DESCRIPTION OF THE TASK: Only the text should come through, so restate the listing exactly and drop its images.

DATA:
_____

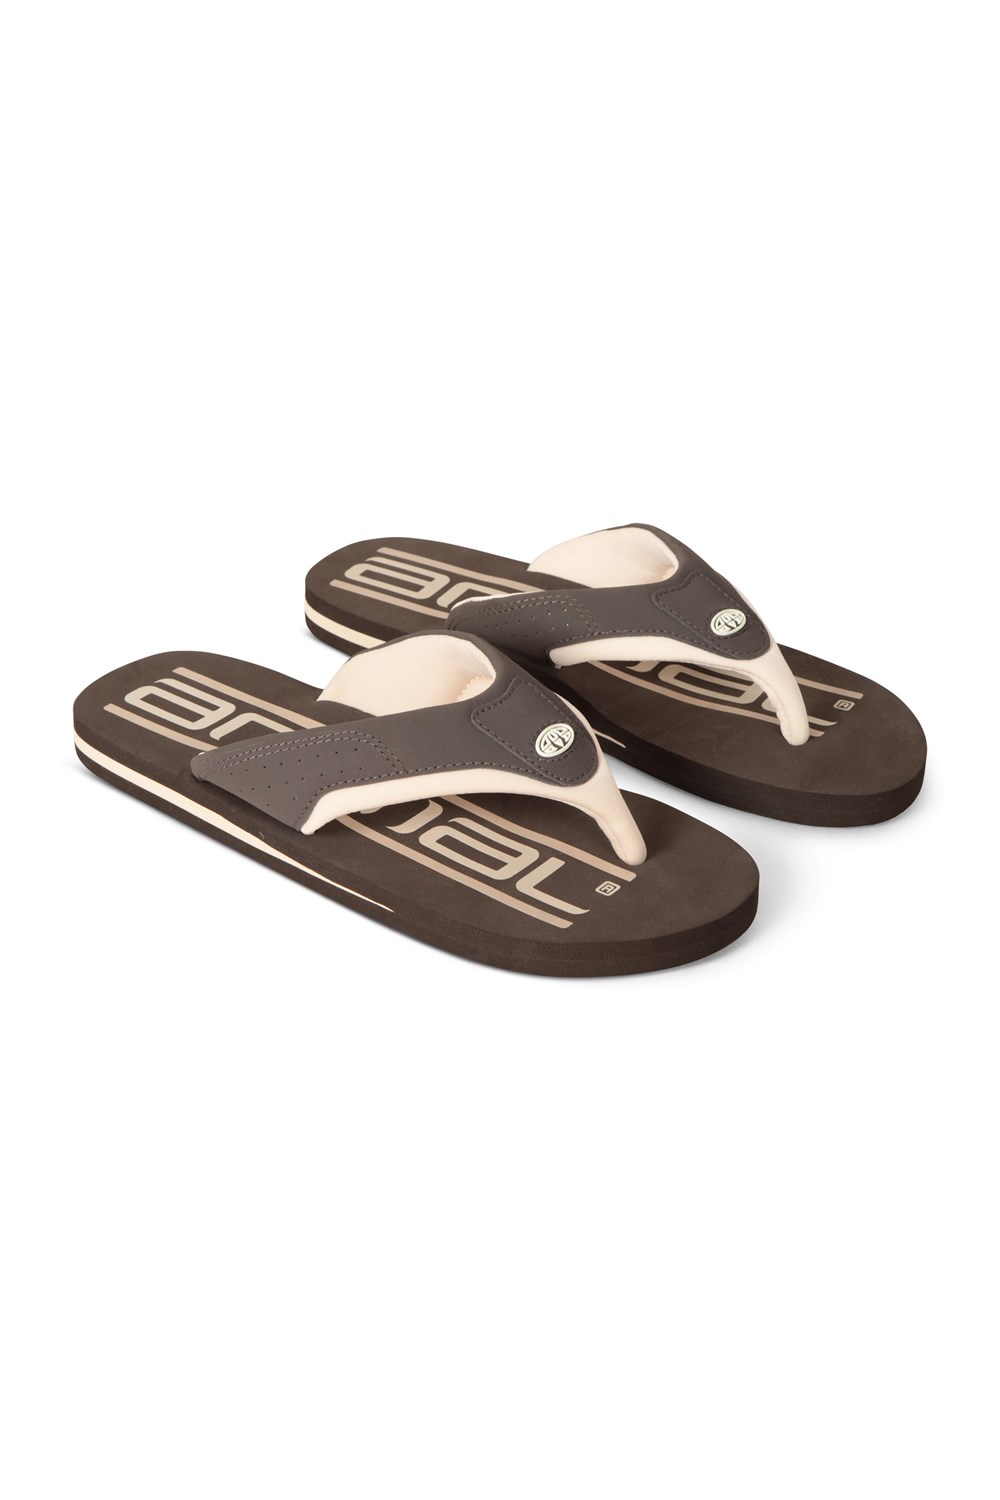 Animal Mens Jekyl Logo Flip Flop Men Beach Summer Recycled Sandals  Lightweight | eBay
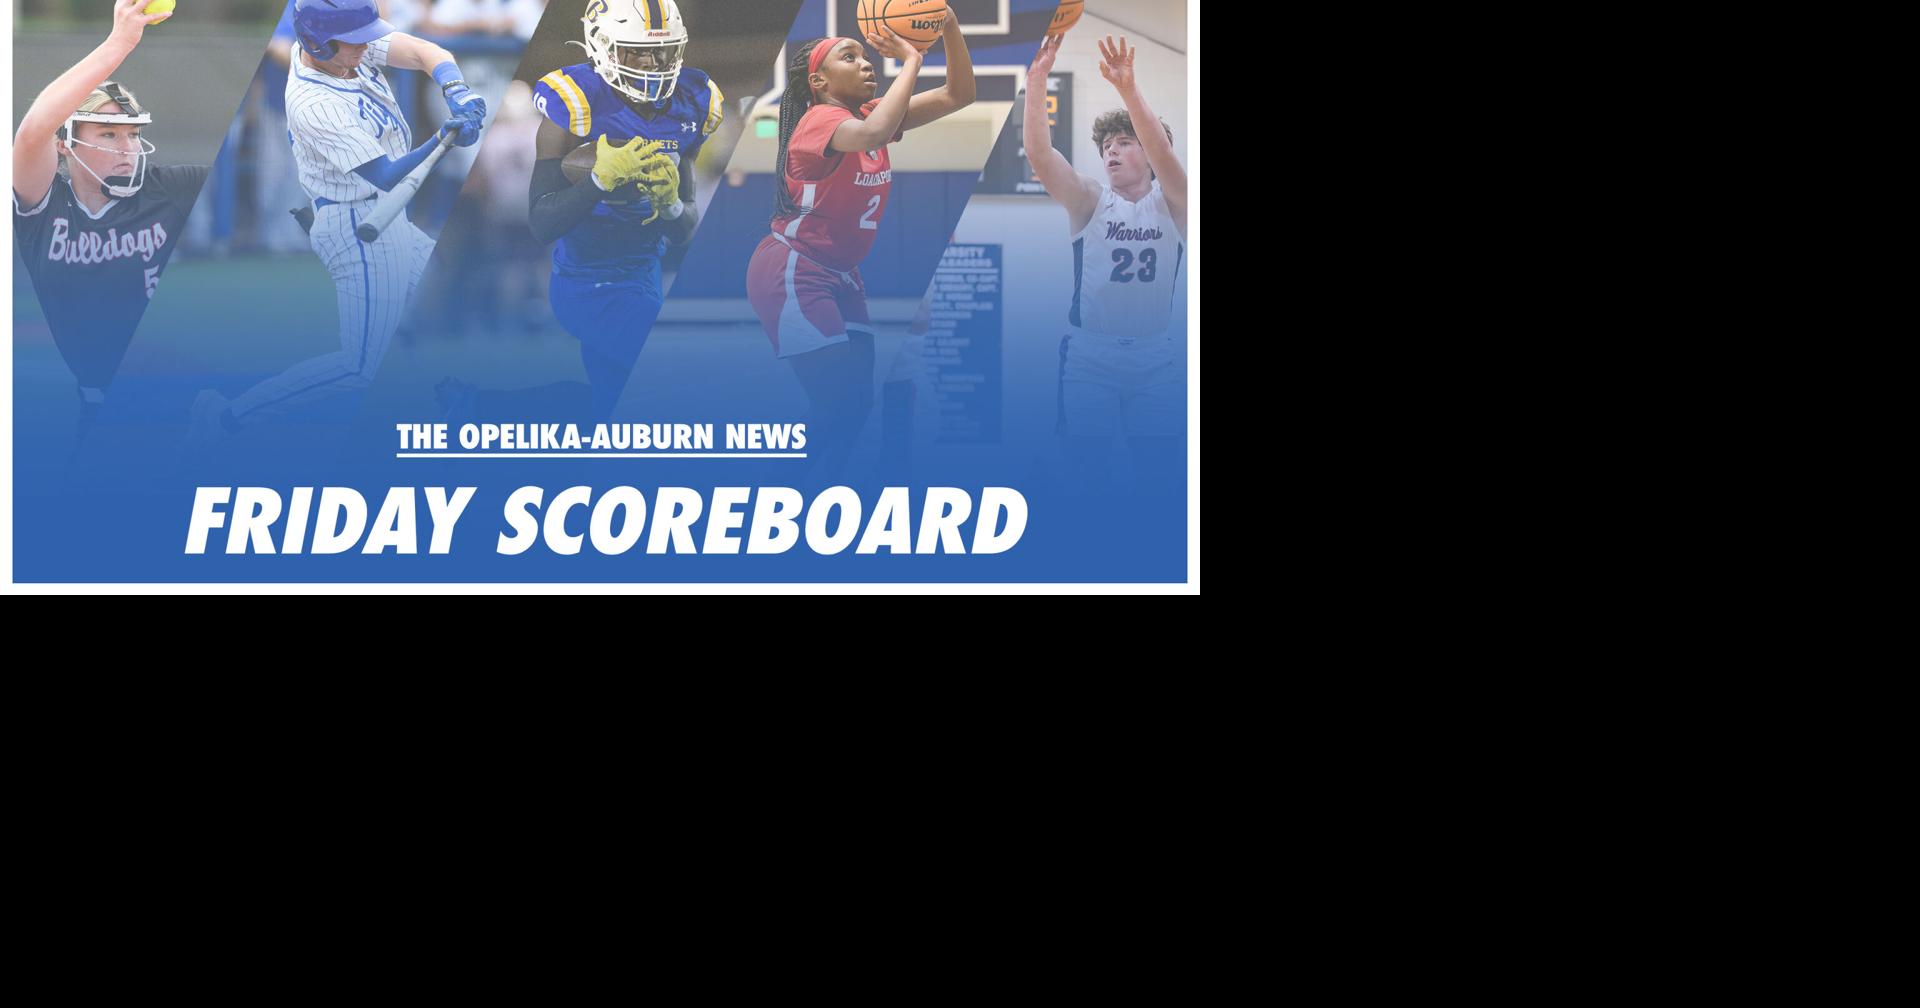 Auburn High Soccer and Baseball Triumphs Headline Opelika-Auburn News Scoreboard
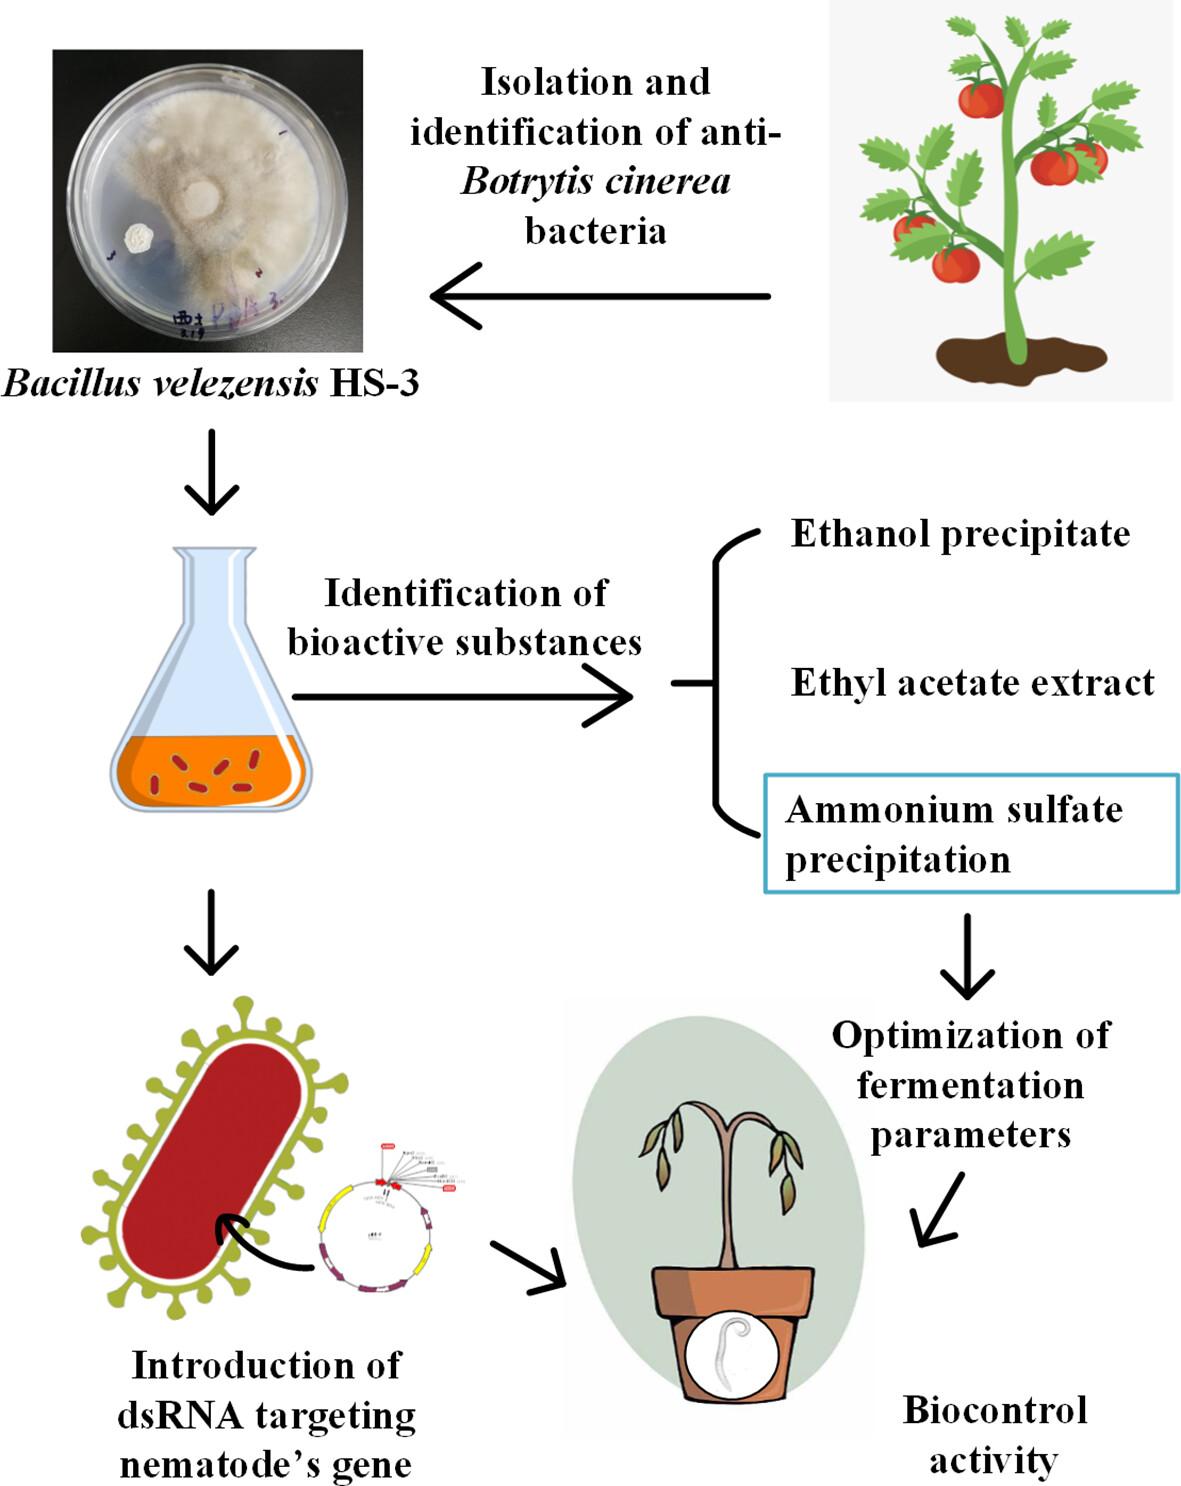 Enhancing tomato disease resistance through endogenous antifungal proteins and introduced nematode-targeting dsRNA of biocontrol agent Bacillus velezensis HS-3

_____

WRITTEN ANSWER:
 Animal Mens Jekyl Logo Flip Flop Men Beach Summer Recycled Sandals  Lightweight | eBay
 Auburn High Soccer and Baseball Triumphs Headline Opelika-Auburn News Scoreboard
 Enhancing tomato disease resistance through endogenous antifungal proteins and introduced nematode-targeting dsRNA of biocontrol agent Bacillus velezensis HS-3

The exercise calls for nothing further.